Licensing also risks centralizing the wrong things. A licensing regime turns the Internet from a system that rewards "who gets heard" into one that rewards "who can invoice." Australia's parliamentary review of its News Media Bargaining Code found that the bulk of funding from commercial agreements went to legacy outlets, deepening disadvantages for smaller publishers. Pew found that the most frequently cited sources in Google AI summaries were Wikipedia, YouTube, and Reddit, and only 5% linked to news sites. The biggest publishers and platforms will have the clearest leverage. This compounds with the fact that there is a mismatch between what content is important for AI and who can monetize through licensing. Major foundation model training pipelines rely on web-scale crawls. Much of the material AI systems actually value is collaborative, user-generated, or community-maintained, and it rarely comes packaged in the clean rights bundles collective licensing assumes. Common Crawl alone spans over 300 billion pages across millions of distinct sites. The vast majority of those sites will never be party to a licensing deal, and a system that routes value only through bilateral agreements will deepen the centralization it claims to remedy.

The answer has to be broader than compensation.
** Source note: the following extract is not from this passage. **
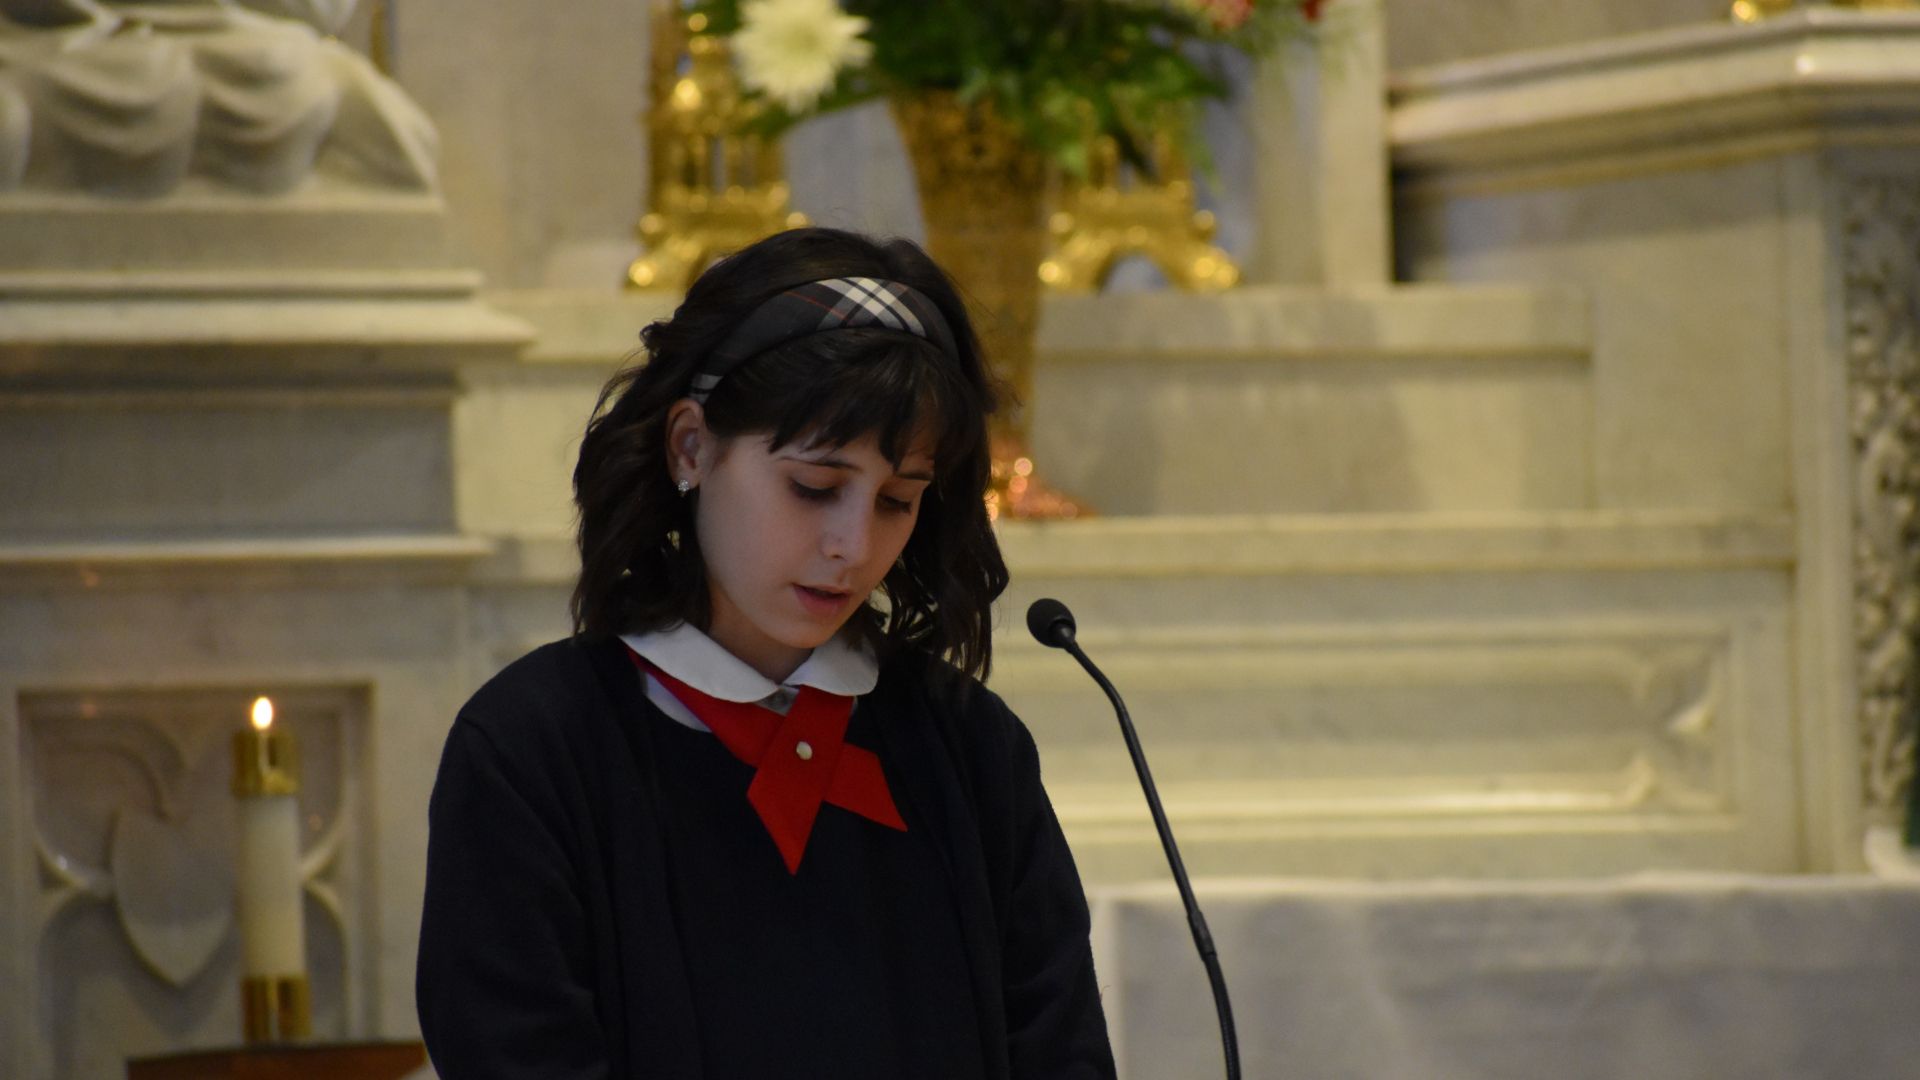 A young girl stands in front of a microphone in a church

We need open technical standards that let sites, creators, and users express preferences about automated consumption in a machine-readable way, and we need model providers to respect them. The emerging crawler controls show what a norms-based Internet could look like. OpenAI lets sites allow OAI-SearchBot for search while disallowing GPTBot for training. Apple lets publishers direct it not to use their site content for model training, and lets individuals object to the crawling of URLs that contain their personal data. Google is less clear-cut: AI is now part of Search, but they still allow sites to differentiate between crawler use of data via Google-Extended.
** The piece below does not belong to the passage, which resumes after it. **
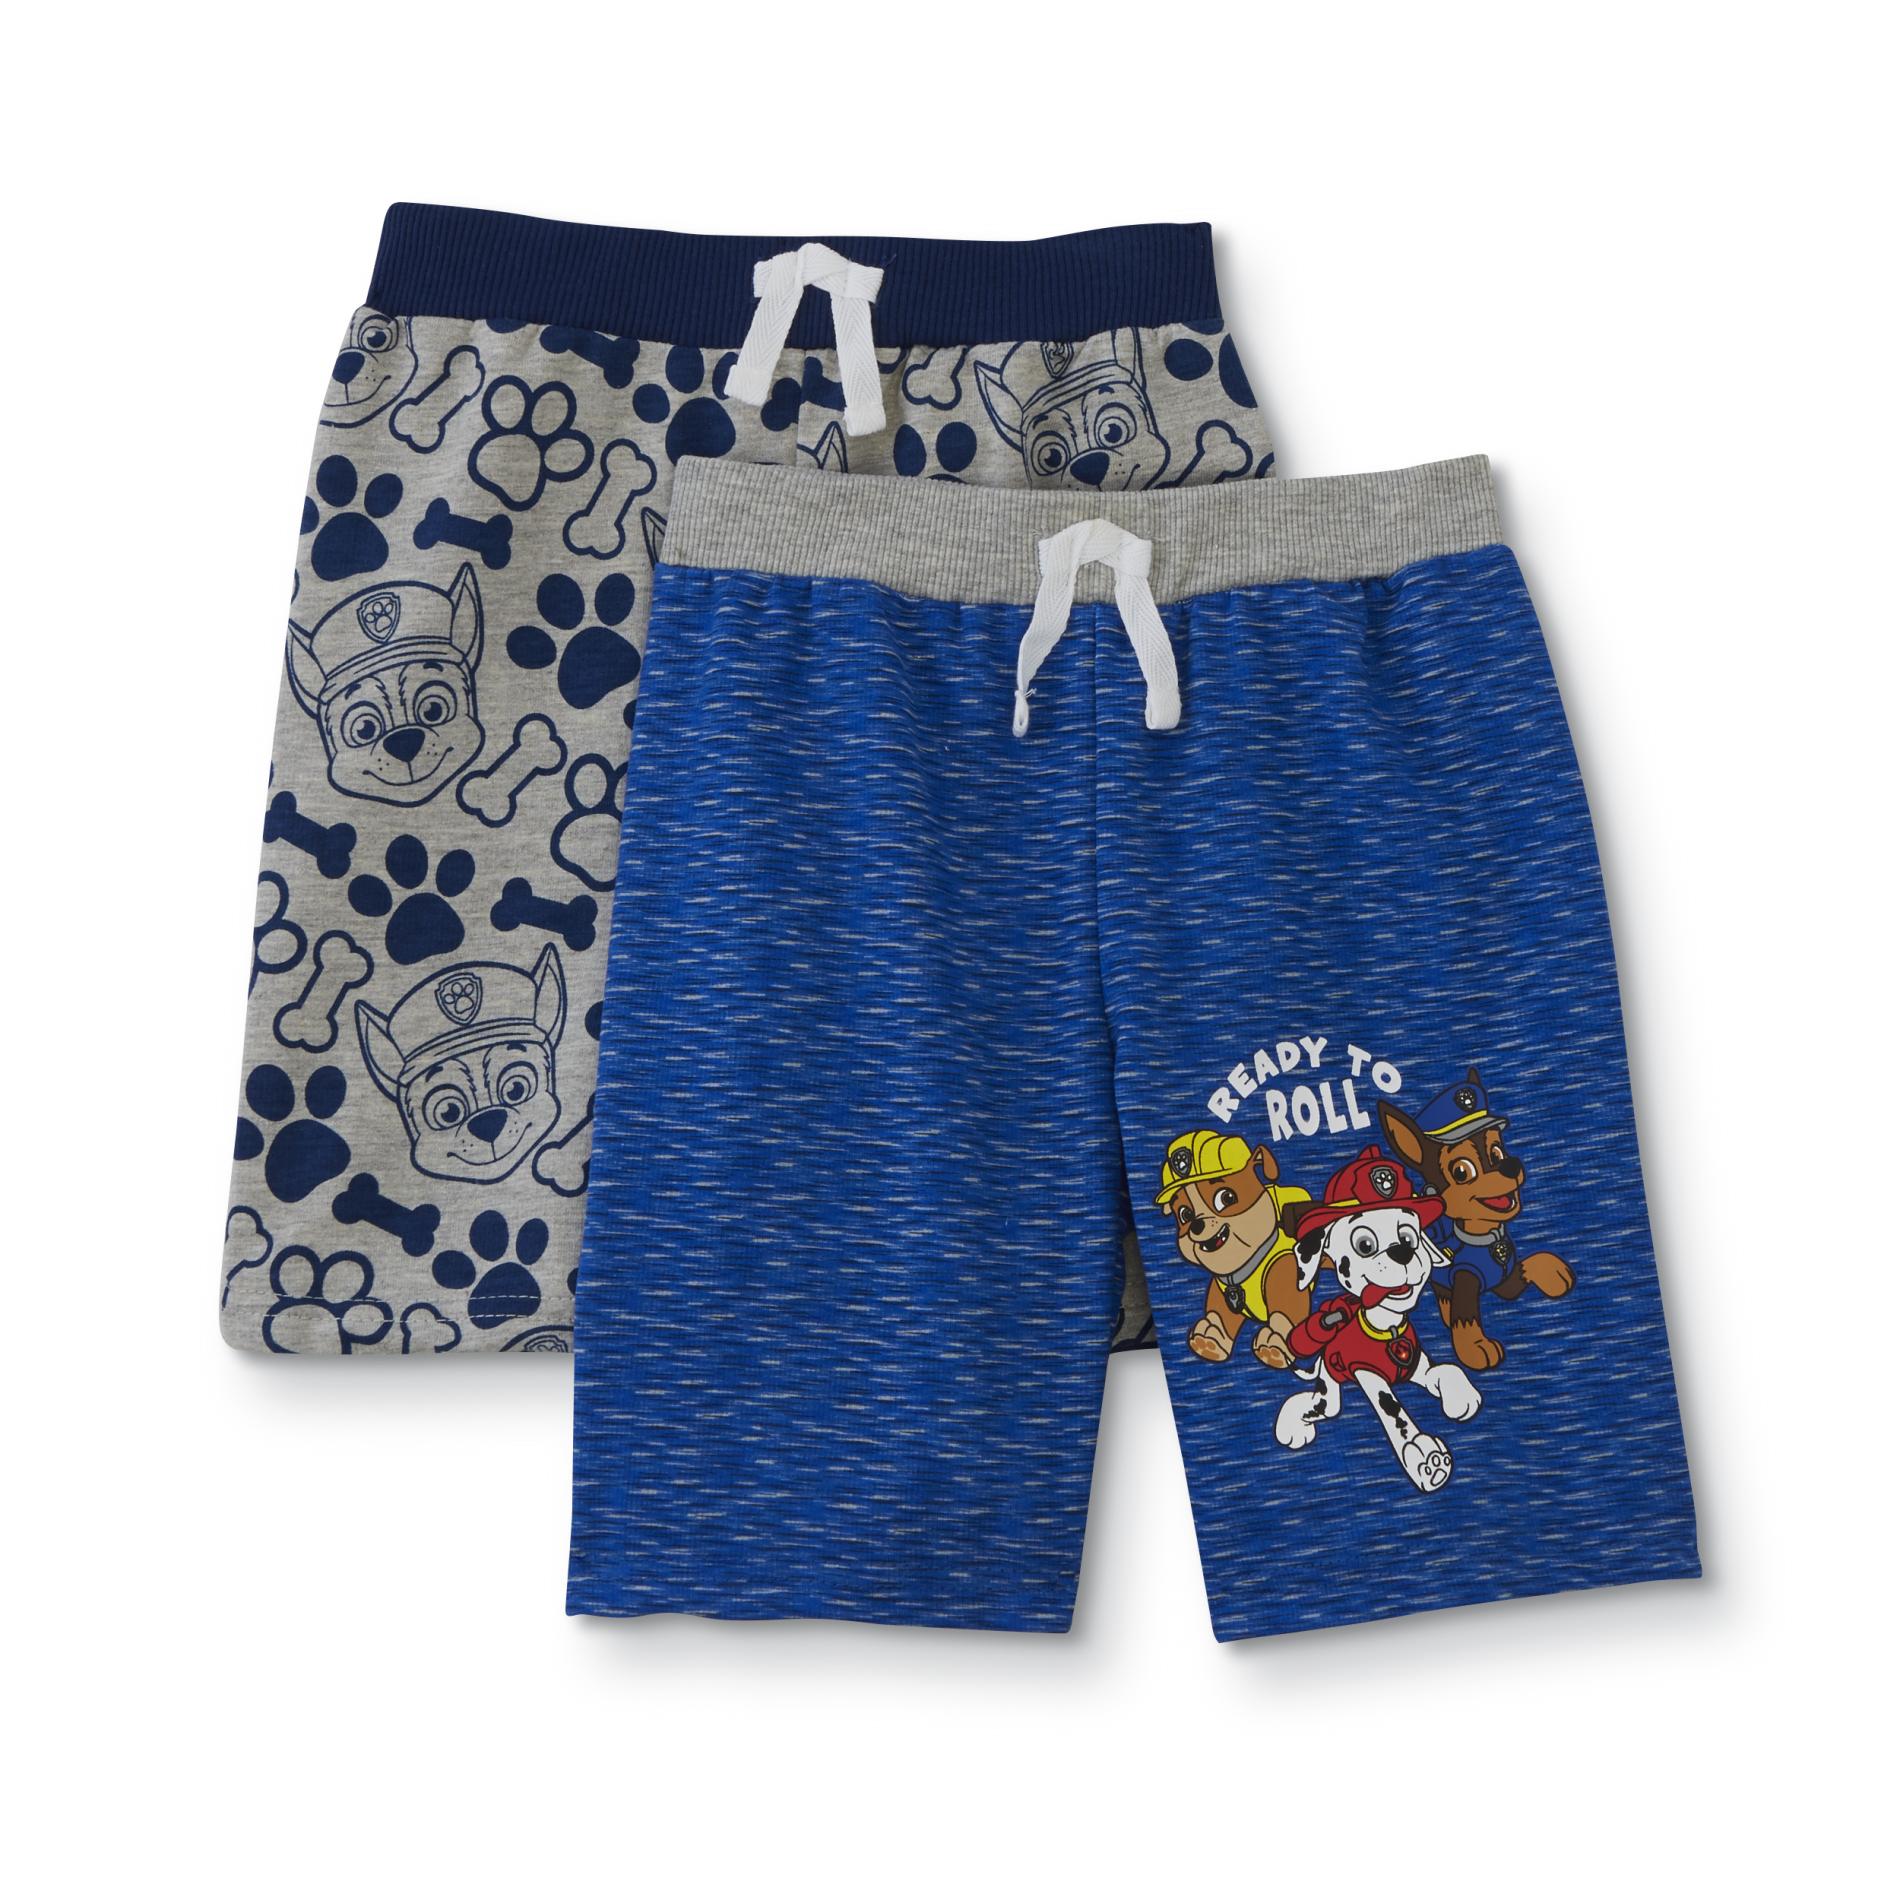 PAW Patrol Toddler Boys' 2-Pack Jogger Shorts - Ready to Roll

The EU framework already points in that direction, and the W3C's TDM Reservation Protocol is designed to express the reservation of mining rights and to ease the discovery of associated policies. The IETF's AIPREF work builds on the current robots.txt standard and is developing a standard vocabulary for AI usage preferences that extends well beyond copyright. Even the UK Parliament committee arguing for a licensing-first approach says government should back "open, globally aligned standards" for rights reservation, provenance, and labelling.

There is still a long way to go to establish these rules and standards universally. Researchers auditing consent signals across 14,000 domains underlying major training corpora describe the current situation as "symptoms of ineffective web protocols," with widespread inconsistencies between what sites intend and what robots.txt and other signals actually convey. Being open to being read, cited, or indexed is not the same as consenting to model training. Licensing should remain one tool in the stack, but a stable equilibrium for the AI web requires transparency, provenance, privacy, and meaningful consent for both people and publishers.

Nick Sullivan is an applied cryptographer, security researcher, and entrepreneur. He founded Cloudflare Research, co-authored several TLS extensions, is a member of the Internet Architecture Board, and holds several roles at the IETF where he works on the standards that shape how the Internet operates.